Dîner avec La lampe au beurre de yak
Comment avez-vous eu l’idée de réaliser un film sur la communauté tibétaine ?
D’abord je suis un enthousiaste de culture tibétaine. J’ai fait plusieurs voyages au Tibet quand j’étais étudiant à l’Université de Pékin. J’ai observé une mutation accélérée du Tibet à cette époque surtout compte tenu du contexte politique complexe. L’idée de départ du film est la mémoire d’une époque et un endroit qui sont passés et ne reviendront jamais.
Êtes-vous parti tourner sur place ou avez-vous fait le tournage… par exemple en Auvergne ?

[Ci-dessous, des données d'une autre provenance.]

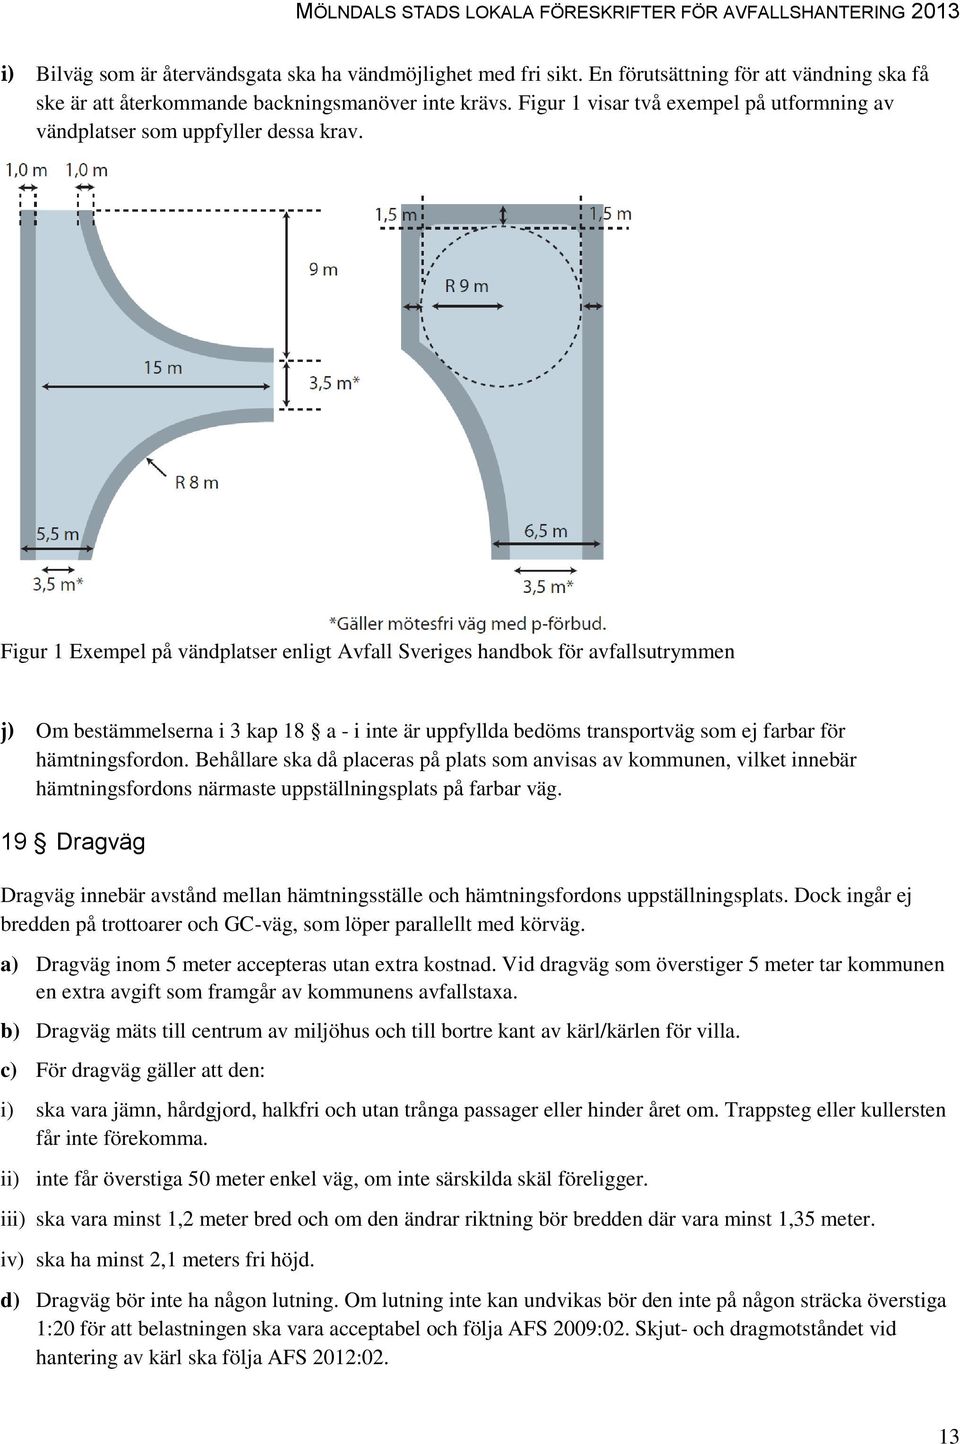 Figur 1 Exempel på vändplatser enligt Avfall Sveriges handbok för avfallsutrymmen j) Om bestämmelserna i 3 kap 18 a - i inte är uppfyllda bedöms transportväg som ej farbar för hämtningsfordon.

Franchement j’ai failli décider de faire ce film en Auvergne, après plusieurs tournages manqués au Tibet… Vous pouvez imaginer tous les difficultés que nous avons traversées, la tension pour notre équipe de tournage moitié française moitié chinoise vivant difficilement la chaleur de la saison et n’arrivant pas à obtenir ses autorisations de tournage… mais finalement je ne pouvais pas me résoudre à faire ce film ailleurs qu’au Tibet. On a réglé tous les problèmes et le film a donc bien été enfin terminé, au Tibet.
Vous nous présentez des personnages vivant dans des communautés rurales visiblement peu connectées au monde moderne puisque l’appareil photo semble y être une exception. La ruralité des protagonistes du film est-elle exagérée par rapport aux réalités de la région tibétaine ?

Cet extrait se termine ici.